Dataset extract:
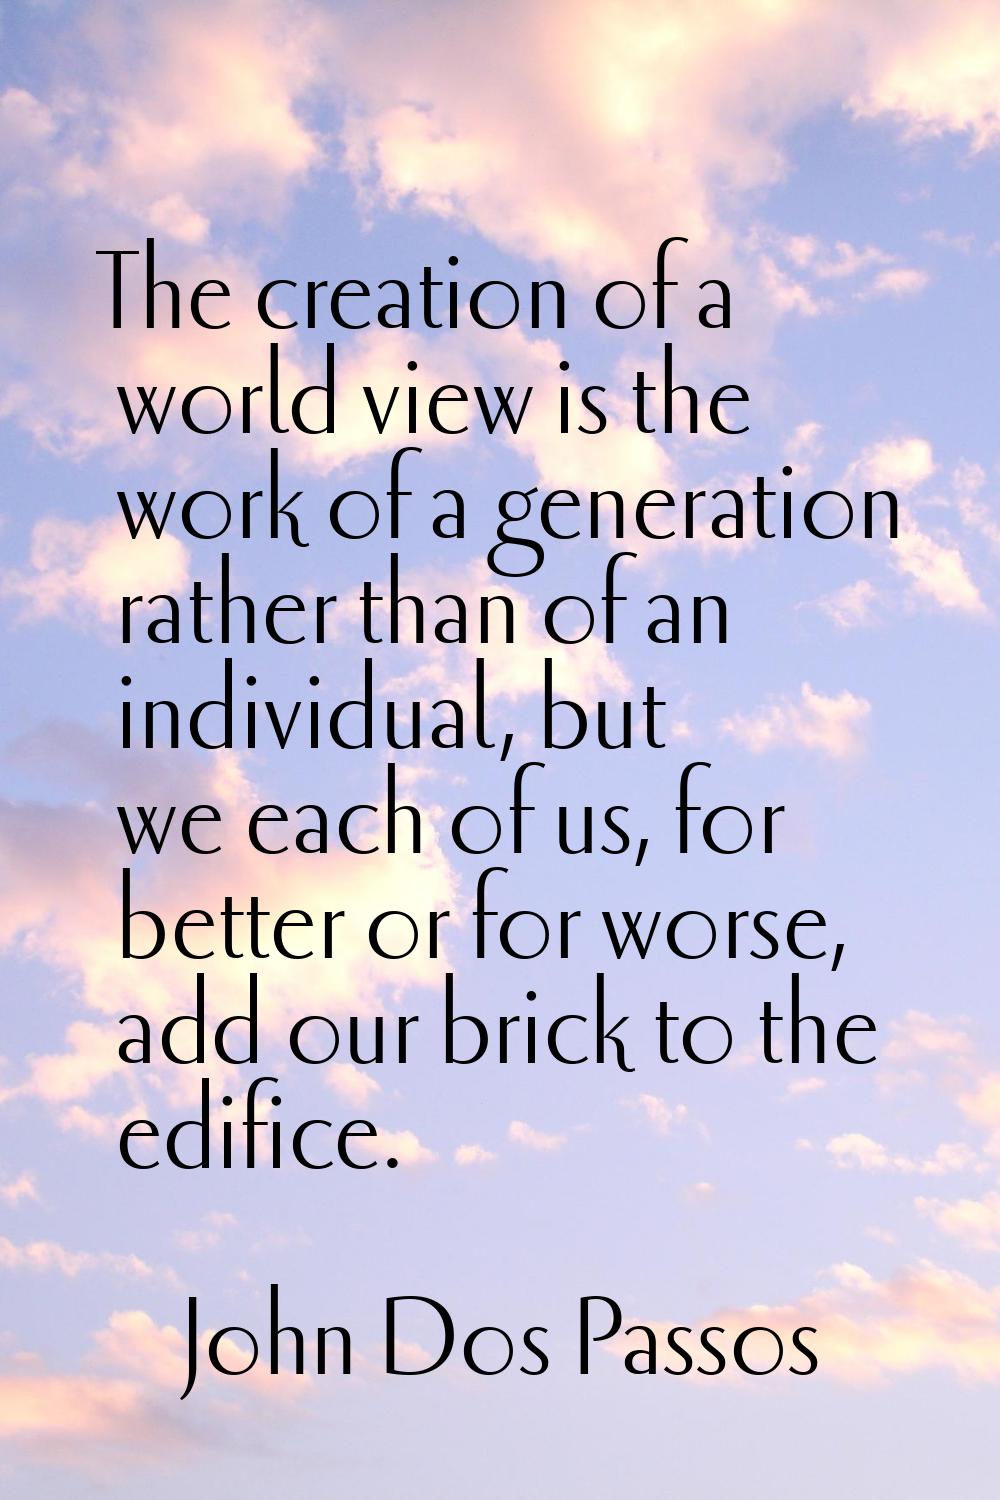 The creation of a world view is the work of a generation rather than of an individual, but we each 
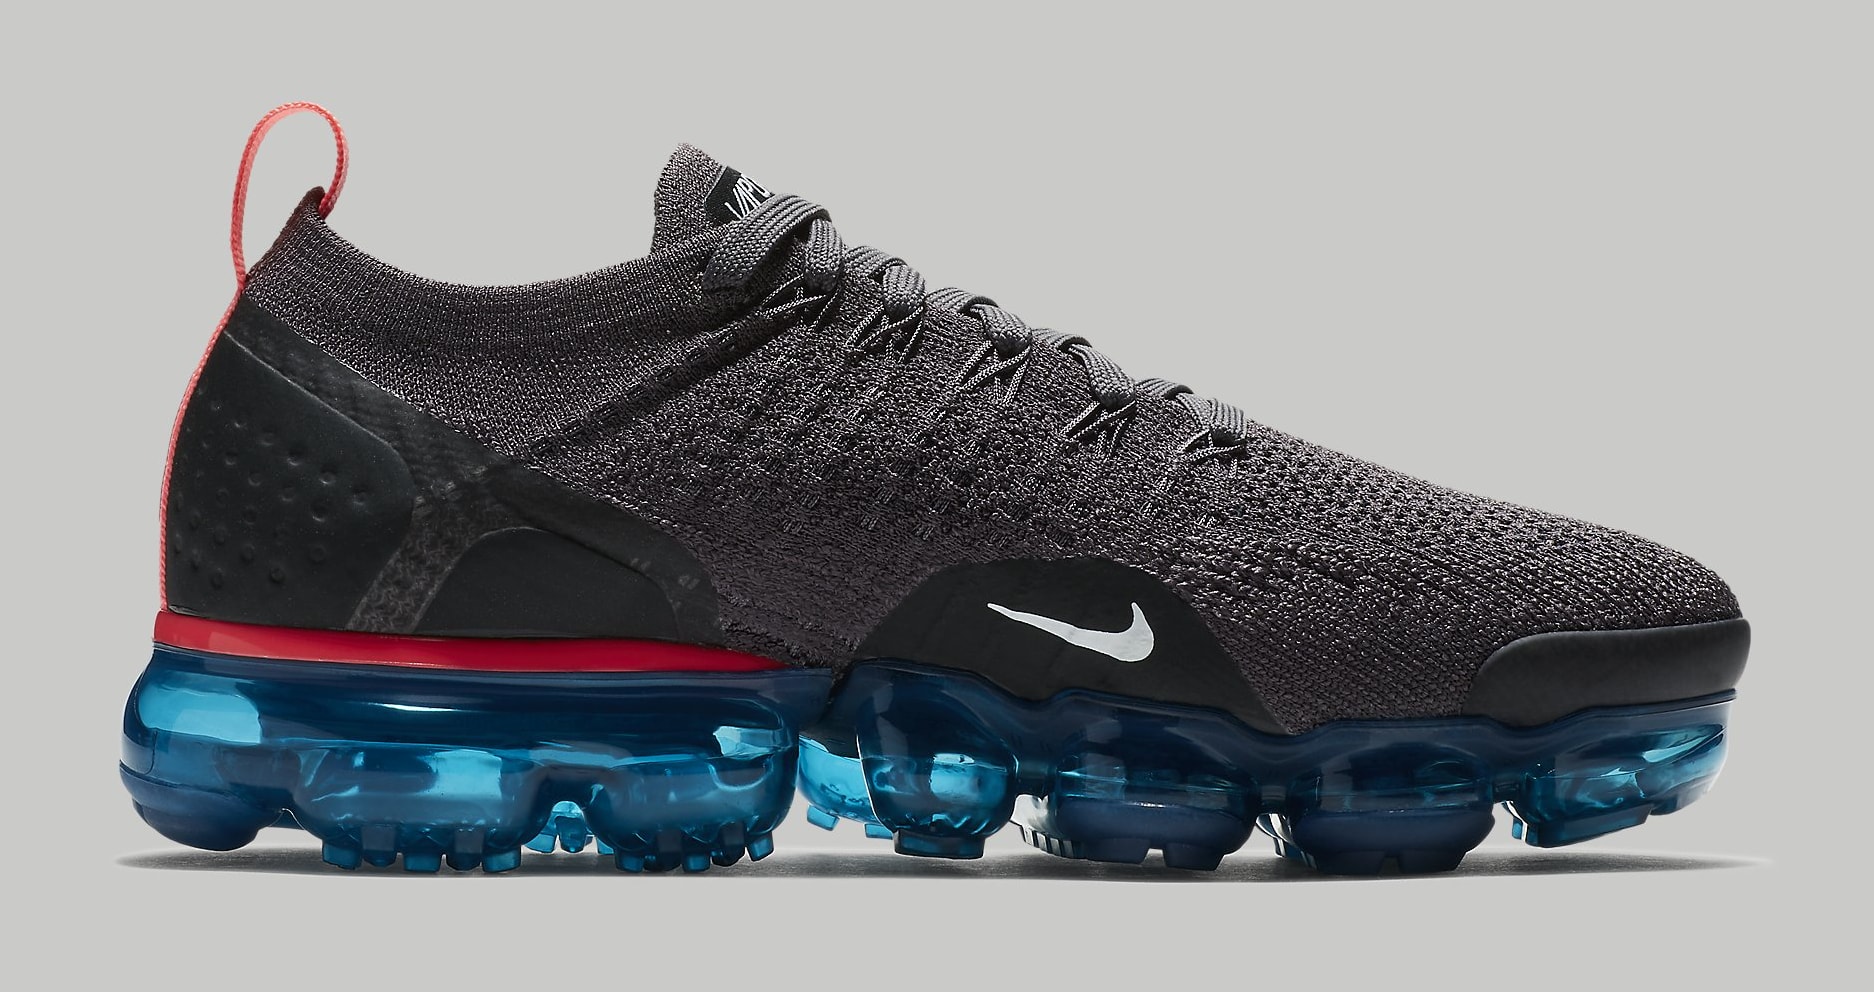 nike-air-vapormax-2-flyknit-thunder-grey-942843-009-release-date-side
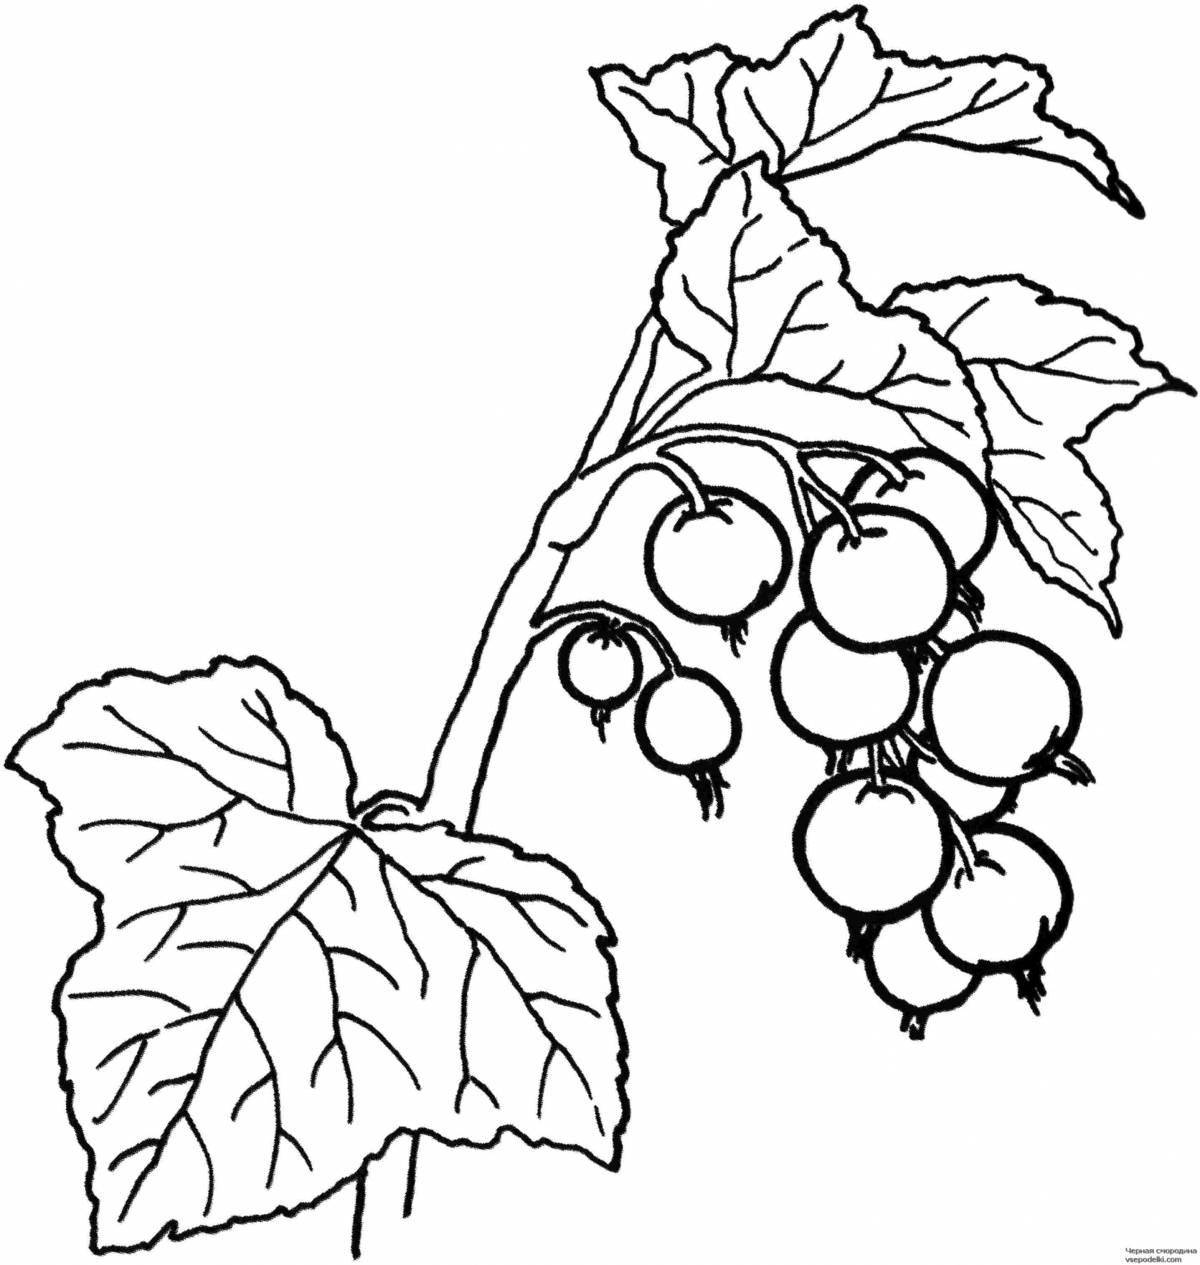 Berry coloring pages for kids

Your goal:
Return the whole of the material above exactly, with no picture carried over.

Answer box:
 The creation of a world view is the work of a generation rather than of an individual, but we each 
 nike-air-vapormax-2-flyknit-thunder-grey-942843-009-release-date-side
 Berry coloring pages for kids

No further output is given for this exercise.